Plot of 653 observations of τ as a function of initial cell concentration (C_I; dilute stationary phase E. coli cells). Inset Figure: Frequency of occurrence of various values of τ (C_I < 100 CFU mL^-1) fit to Eq. 7.

Figure 3

Dependence of numerous t_m observations on initial bacterial cell concentration (C_I; Eq. 6) as a function of growth phase of the initial inoculum (log or stationary phase): circles = Log phase cells (τ = 16.8 ± 1.13 min); diamonds = stationary phase cells (τ = 16.8 ± 0.313 min).

Figure 4

Plot of 987 observations of τ as a function of initial cell concentration (C_I; diluted log phase E. coli cells).

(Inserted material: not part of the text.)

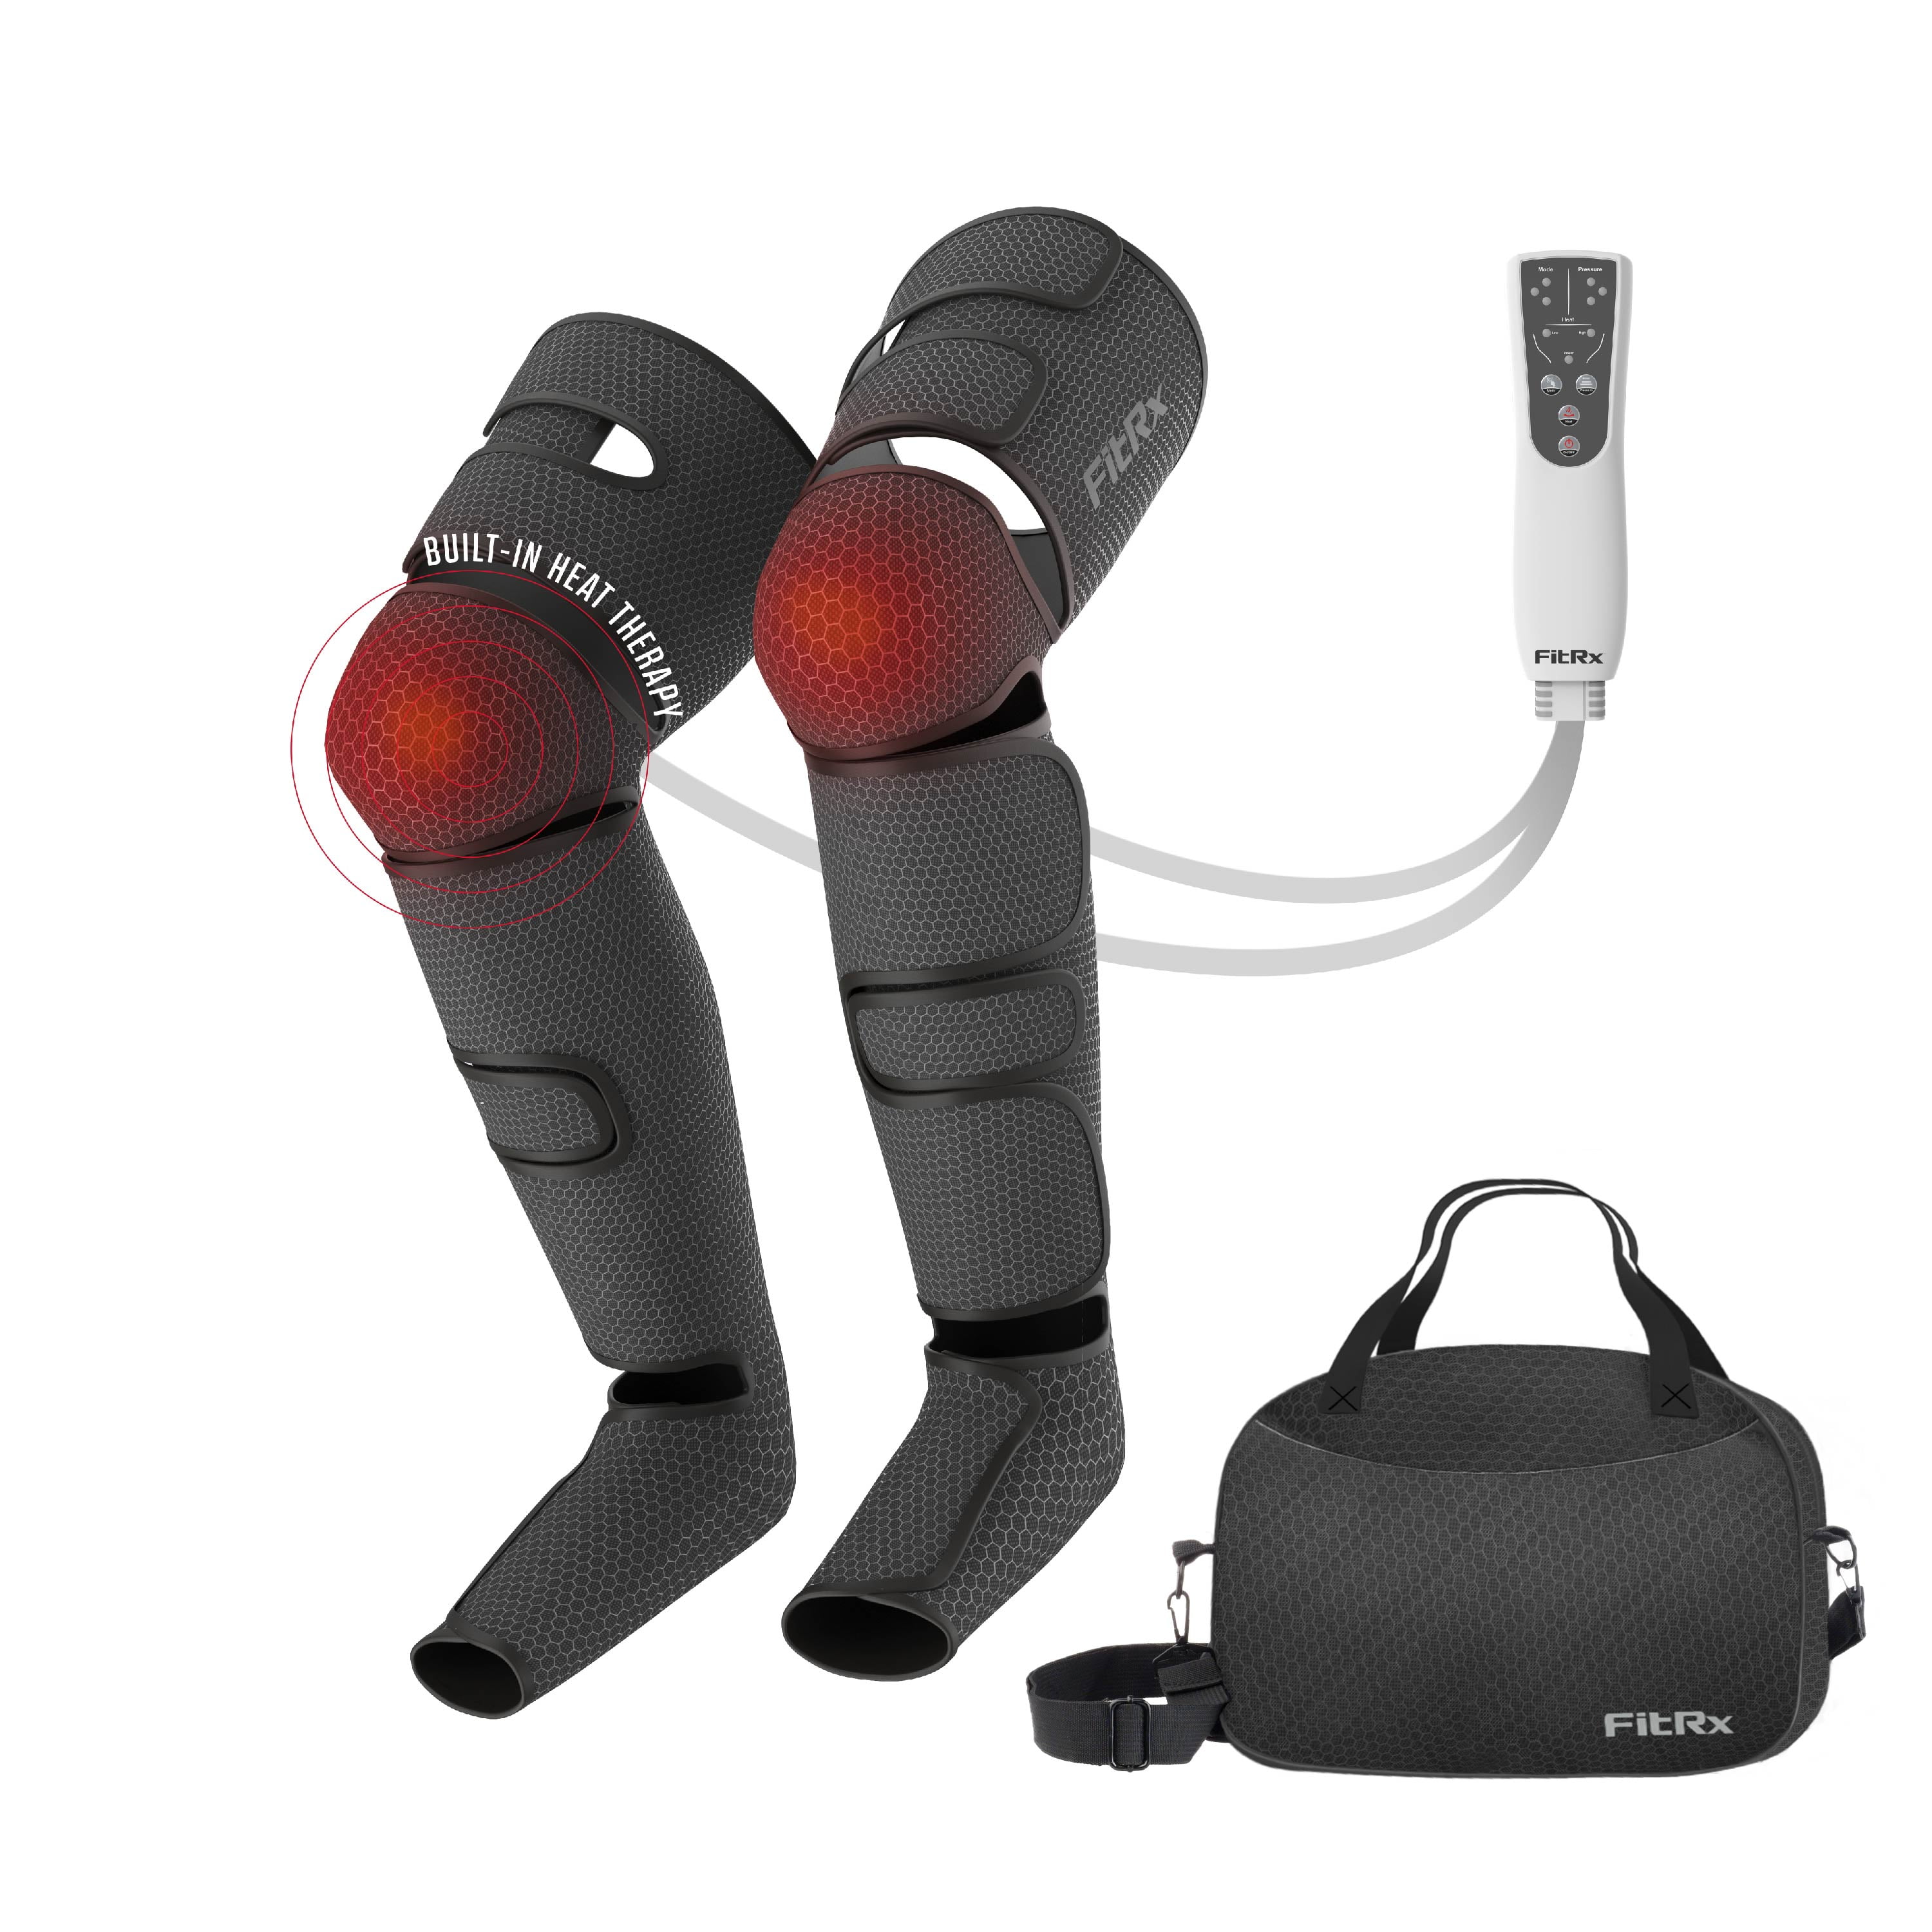 FitRx RecoverMax Leg Massager, Heated Compression Leg and Foot Massager  with Multiple Massage, Intensity, and Heat Levels

Inset Figure: Frequency of occurrence of various values of τ (C_I < 1000 CFU mL^-1) fit to Eq. 7.

Figure 5

Plot of 372 observations of τ as a function of initial cell concentration (C_I; LB with 75 mM EA-diluted log phase generic E. coli cells). Inset Figure: Frequency of occurrence of various values of τ (C_I = all CFU mL^-1) fit to Eq. 7.

Figure 6

Frequency of occurrence of various values of τ (all C_I; C_I > 100; C_I < 100 CFU mL^-1, from top to bottom). Left-hand side plots: stationary phase cells diluted with and grown in sterile-filtered 'conditioned' LB. Right-hand side plots: stationary phase cells diluted with and grown in LB.

Figure 7

A: Frequency of occurrence of various values of τ (all C_I; C_I > 100; C_I < 100 CFU mL^-1, from top to bottom). Left-hand side plots: mid-log phase cells diluted with and grown in LB with ~2×10⁵ CFU mL^-1 of disrupted cells LB. Right-hand side plots: mid-Log phase cells diluted with and grown in LB. B:Plot of 572 observations of τ as a function of initial cell concentration (C_I; diluted with and grown in LB with ~ 2×10⁵ CFU mL^-1 of disrupted E. coli cells LB).

Figure 8

Plot of optical density at 590 nm (open circles) and associated first derivative (ΔOD/Δt, closed circles) data associated with E. coli growth (C_I ~ 4,000 CFU mL^-1) at 37°C in Luria-Bertani broth. Inset Figure: OD and first derivative data associated with growth (C_I ~ 7,000 CFU mL^-1) at 37°C in a defined minimal medium (MM). The growth parameter, t_m, calculated using Eq. 1, is shown as at the center of symmetry about the maximum in ΔOD/Δt.

Figure 9

Typical t_m results showing its relationship (Eq. 5) with solution dilution factors (Φ) on both linear and semi-log scales. The |slope| of the line shown in the inset figure is equal to Φ (= 0.286 hrs or 17.2 min). The parameter t_m was calculated by fitting OD[t] data to Eq. 1.